Para Luciano, que quiere ser médico, el título no es sinónimo de felicidad, pero significará la confianza de muchas personas en él. La que tuvieron los que lo apoyaron en la carrera, y la que tendrán quienes lo reconozcan como doctor.

Catherin ve en ese papel, un reflejo de sus logros, de sus años de estudiar y trabajar, y además, opciones.

Todos concuerdan en que el día de mañana podrán sacarles todo, menos eso tan valioso que alcanzaron: conocimiento.
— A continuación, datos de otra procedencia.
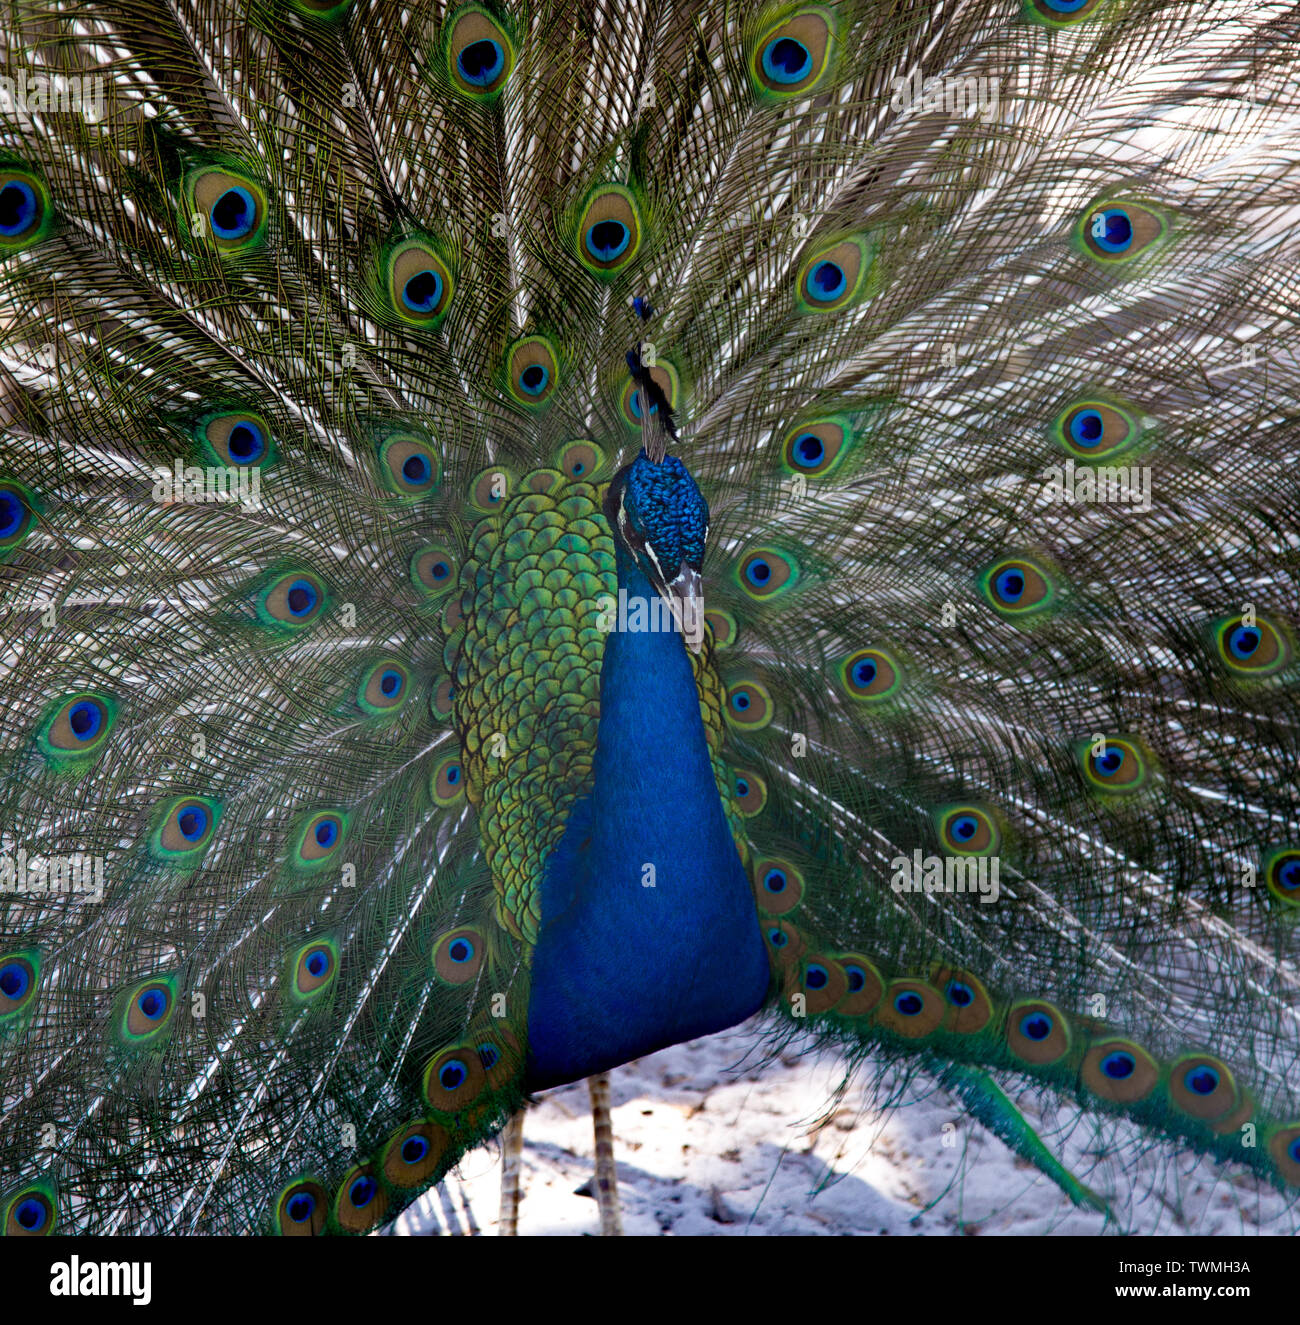 A peacock displays his colorful plumage Stock Photo - Alamy
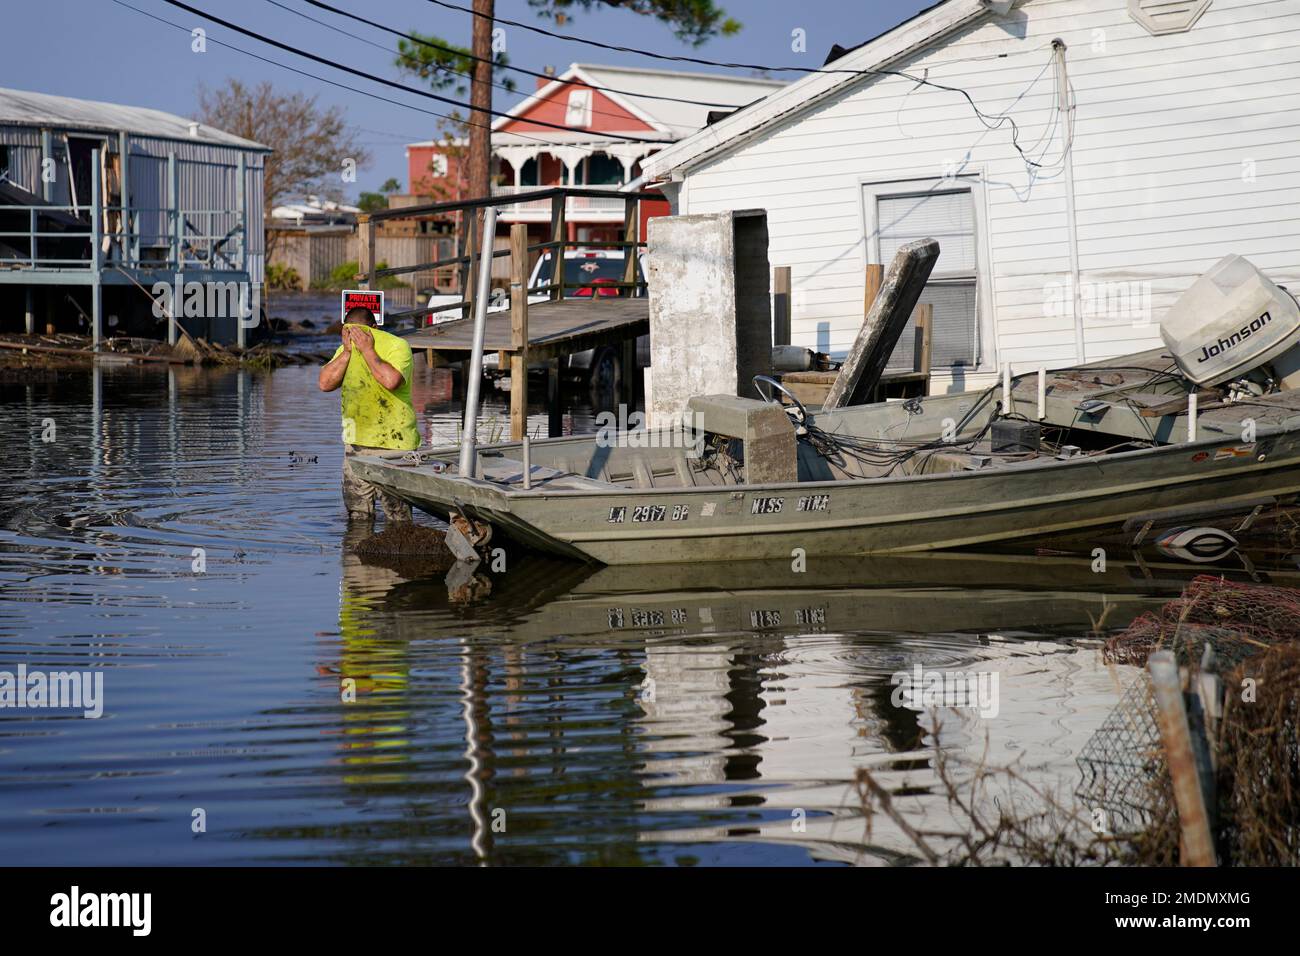 Nathan Fabre wipes sweat from his face while checking on his home and boat  in the aftermath of Hurricane Ida, Sunday, Sept. 5, 2021, in Lafitte, La.  "We lost everything," said Fabre

Llegar al título no fue así nomás. Al principio, Catherin pensaba que sería arquitecta porque disfrutaba dibujo. Pero entró a la facultad y le costó lo técnico. Además, empezó a trabajar y los tiempos no le daban. Sin embargo, trabajar para ella —más que una traba—, fue un puntapié. Su primera experiencia laboral fue en una importadora y ahí conoció el comercio exterior, investigó, hizo primero un curso corto para confirmar su gusto y al tiempo consiguió una beca y estaba inscrita en la carrera de Comercio Exterior de la Universidad Católica. “Pienso que mi desarrollo fue mitad por el estudio y mitad por el trabajo, que también me dio muchísimo conocimiento. Alcancé un punto profesional en el que me gusta donde estoy, y por ahora no necesito más”, sostiene.

En equipo

El día que defendía su tesis para recibirse de psicóloga, Antonella habló con su madre por teléfono y caminó por Tristán Narvaja llorando. El día antes, cuando sus padres se disponían a viajar de Paysandú a Montevideo para festejar con ella, a su madre la ingresaron en CTI. Lloraba por los nervios o por lo que pasaba en Paysandú o por la situación totalmente distinta a lo que había imaginado cuando, cinco años atrás, empezó la carrera. “Cuando me dicen: ‘No vamos. Los valores dieron mal, mamá tiene que quedar internada’, se me vino el mundo abajo en ese momento”, recuerda. A pesar de todo, cuando tuvo que pararse frente a los docentes, sintió calma y disfrutó hacer la defensa.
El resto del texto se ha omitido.